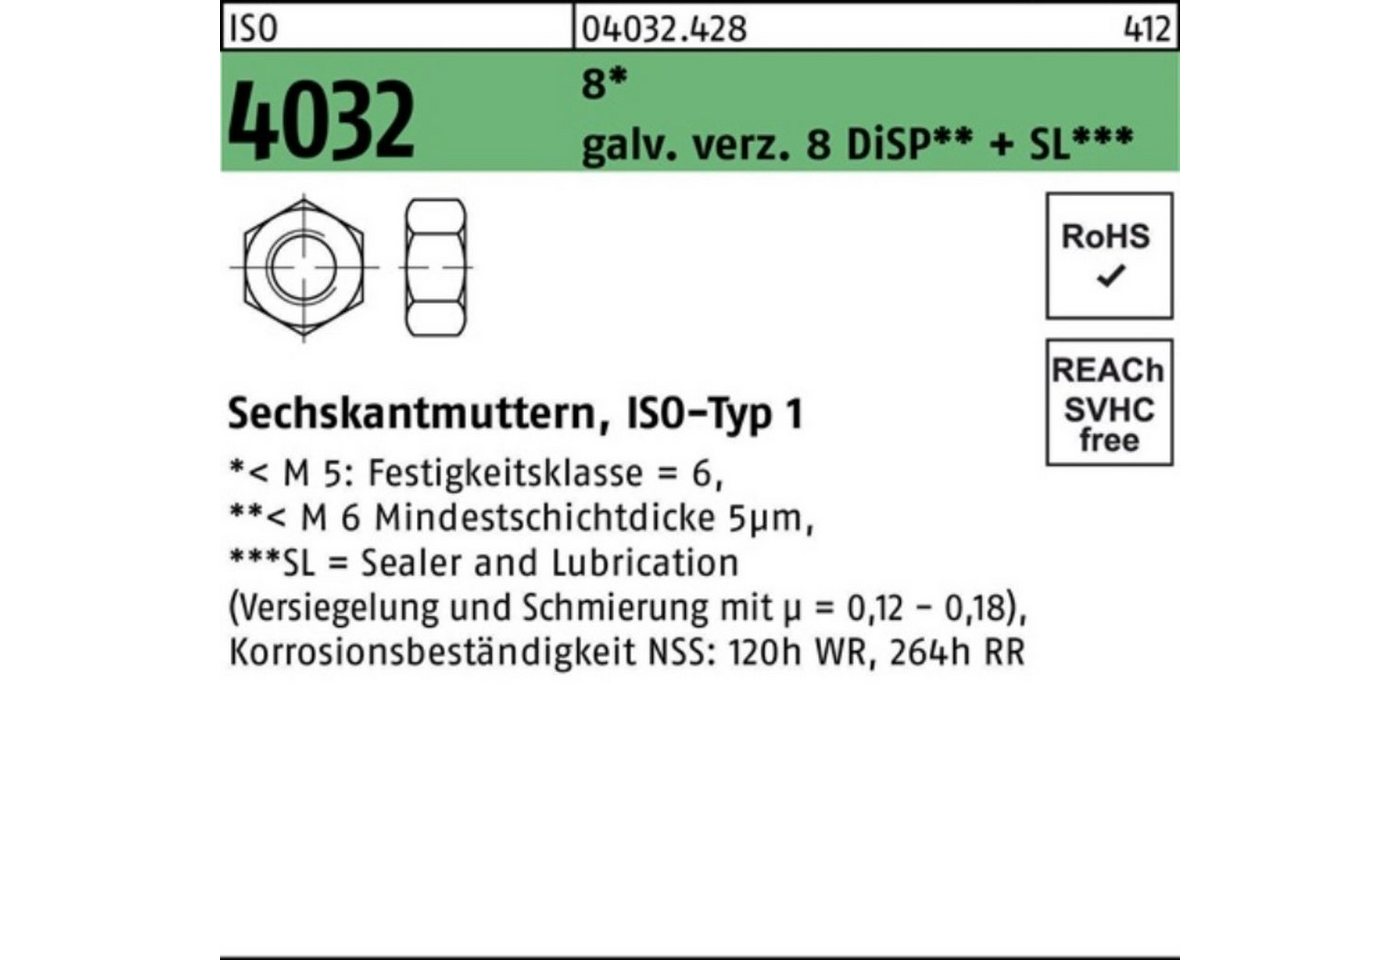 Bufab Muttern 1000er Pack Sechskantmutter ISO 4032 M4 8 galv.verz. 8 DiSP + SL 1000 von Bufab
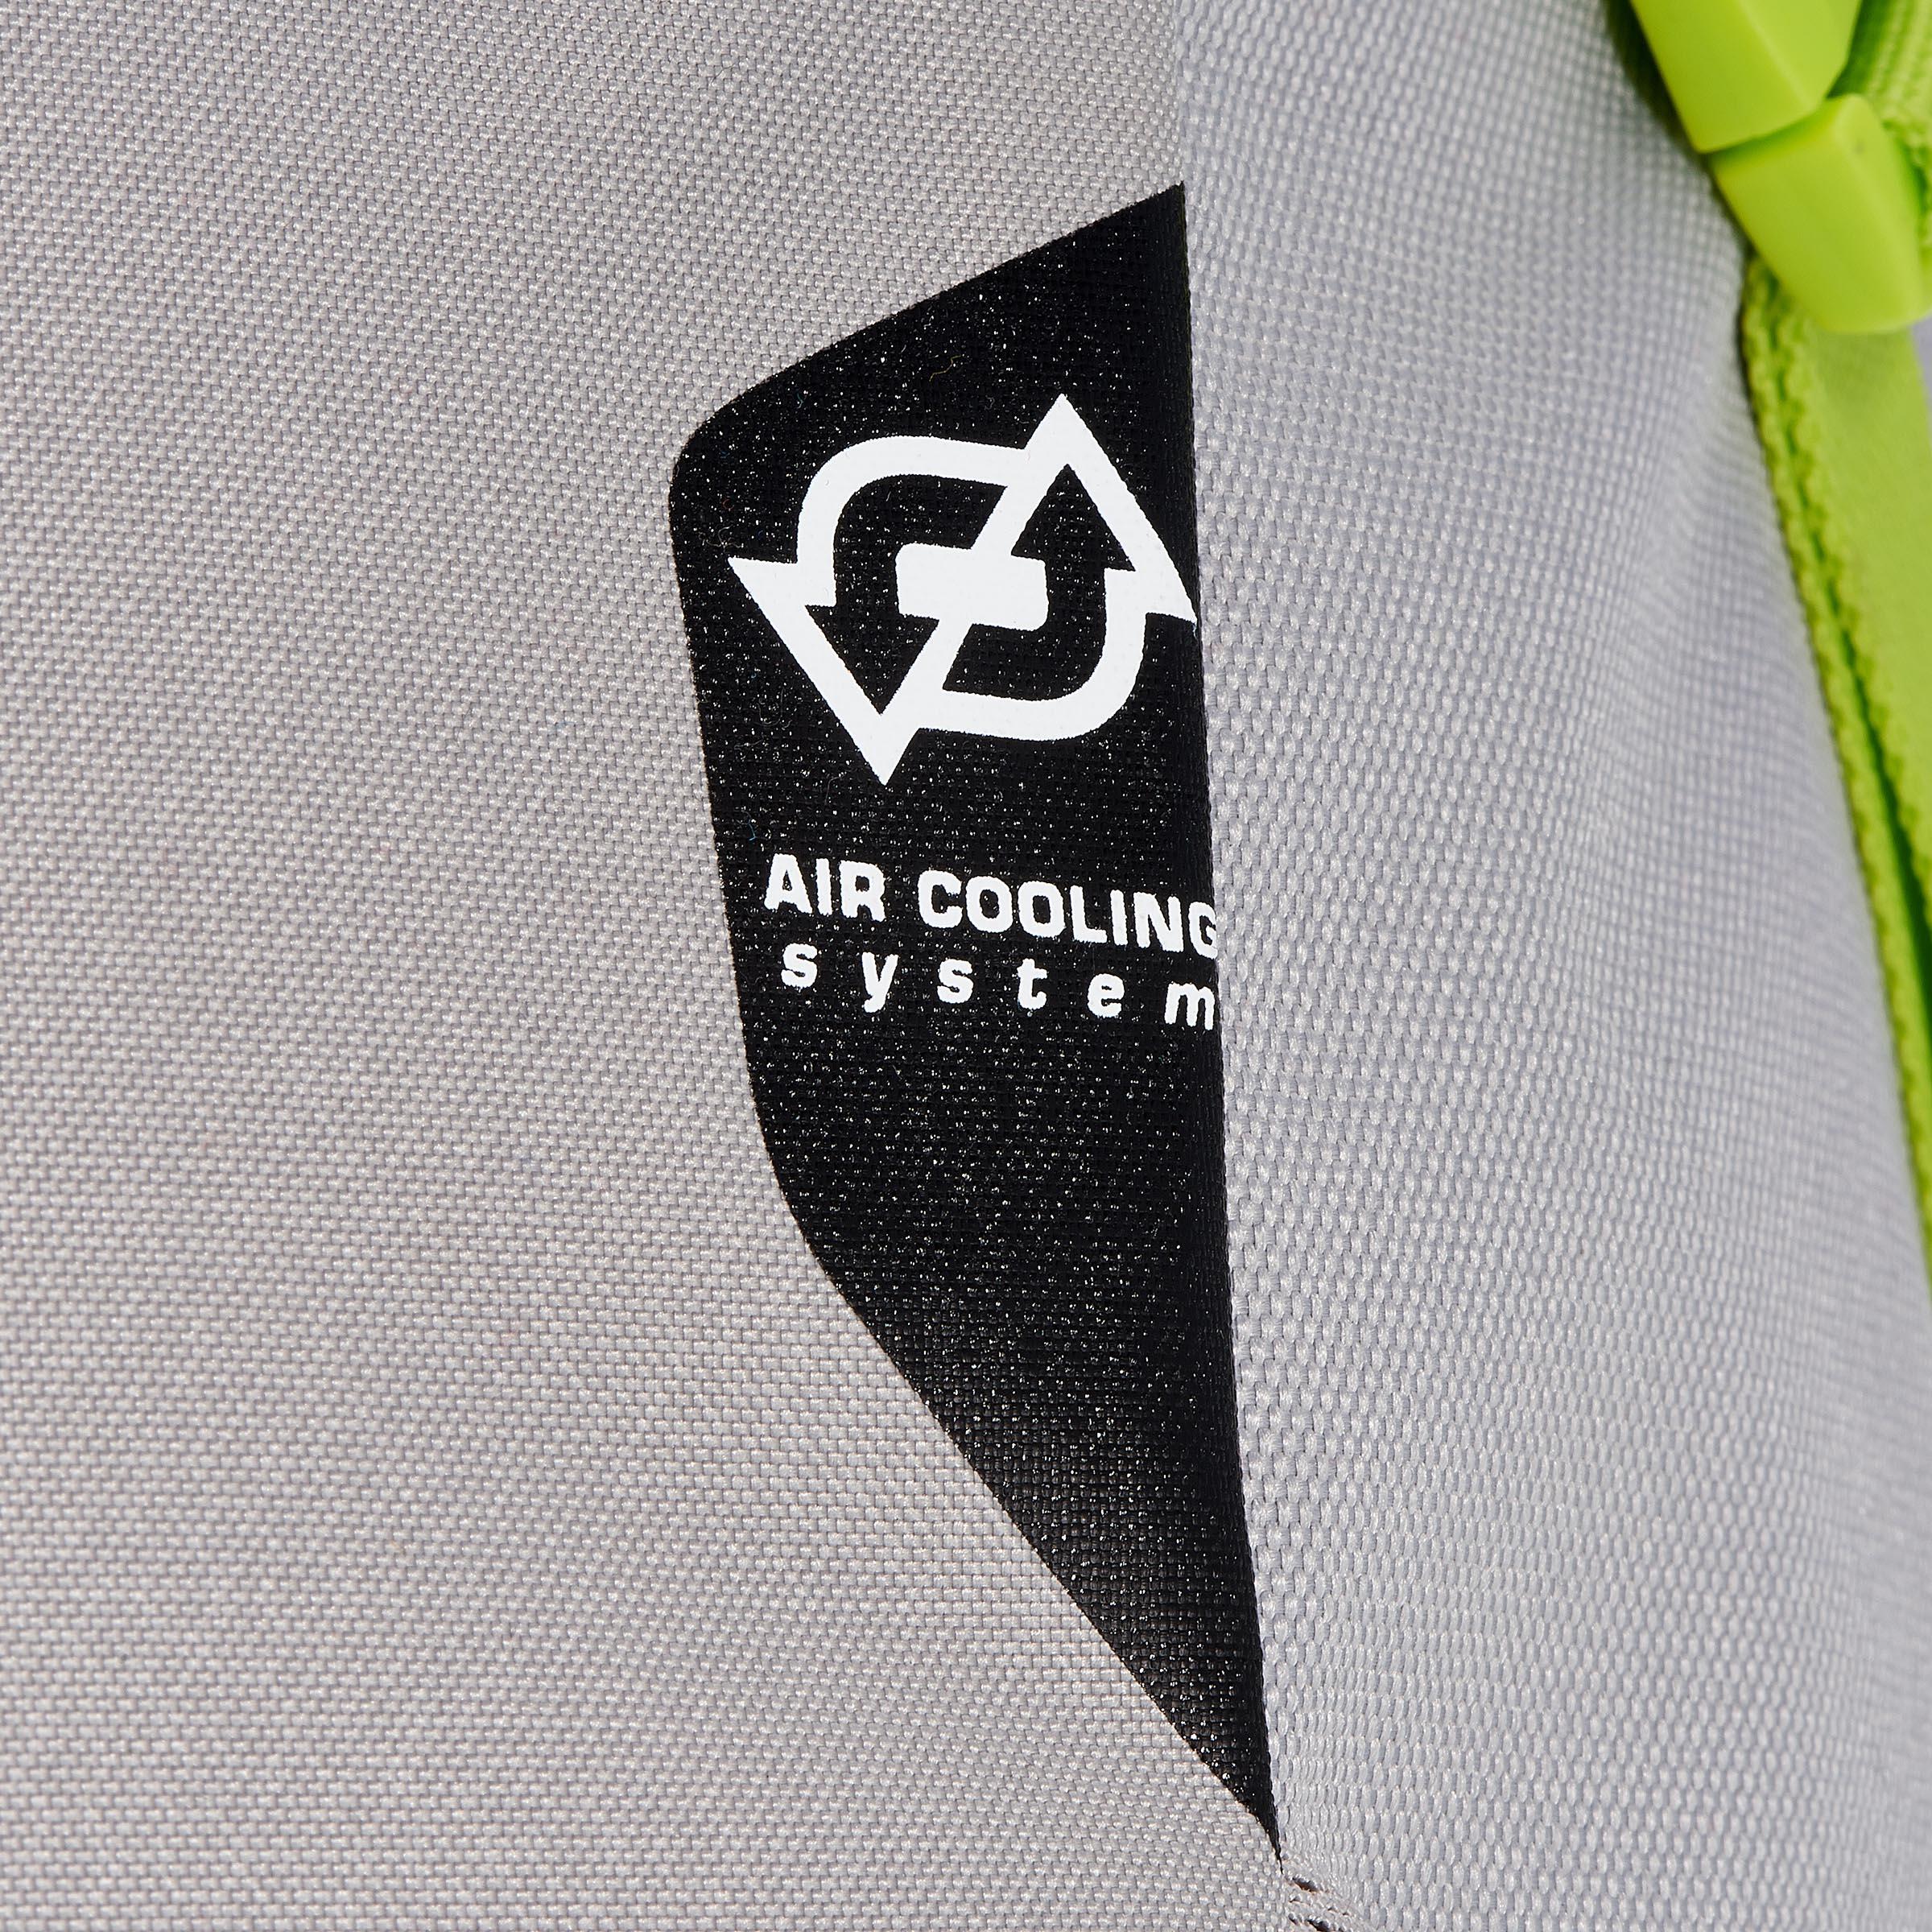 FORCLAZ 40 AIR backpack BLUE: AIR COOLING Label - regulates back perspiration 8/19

*-*-*

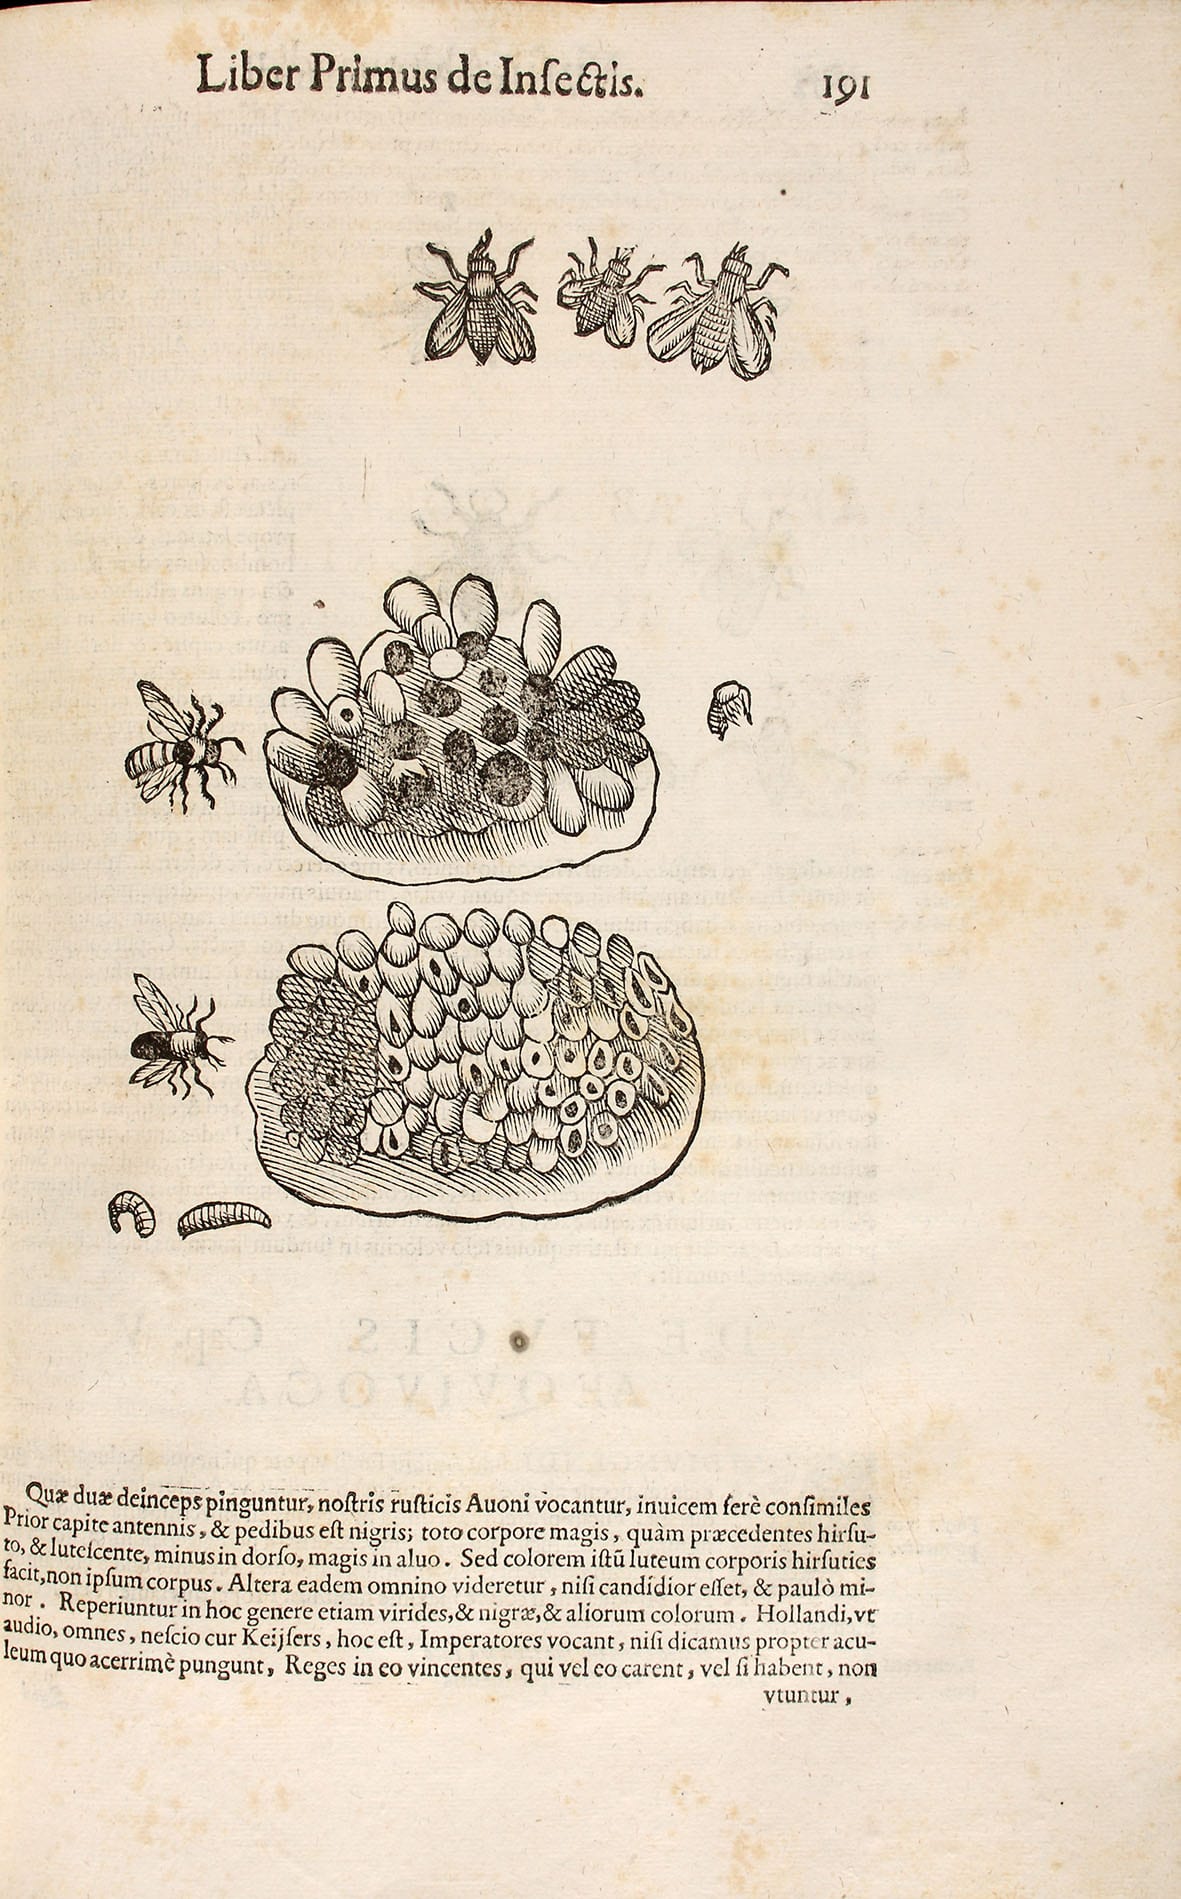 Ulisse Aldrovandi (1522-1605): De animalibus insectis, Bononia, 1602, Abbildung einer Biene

*-*-*

Work instruction:
Once the line with "Bufab Muttern 1000er" is found above, transcribe each line from it through the line with "FORCLAZ 40 AIR", exactly, and omit the pictures.

Answer section:
 Bufab Muttern 1000er Pack Sechskantmutter ISO 4032 M4 8 galv.verz. 8 DiSP + SL 1000 von Bufab
 FORCLAZ 40 AIR backpack BLUE: AIR COOLING Label - regulates back perspiration 8/19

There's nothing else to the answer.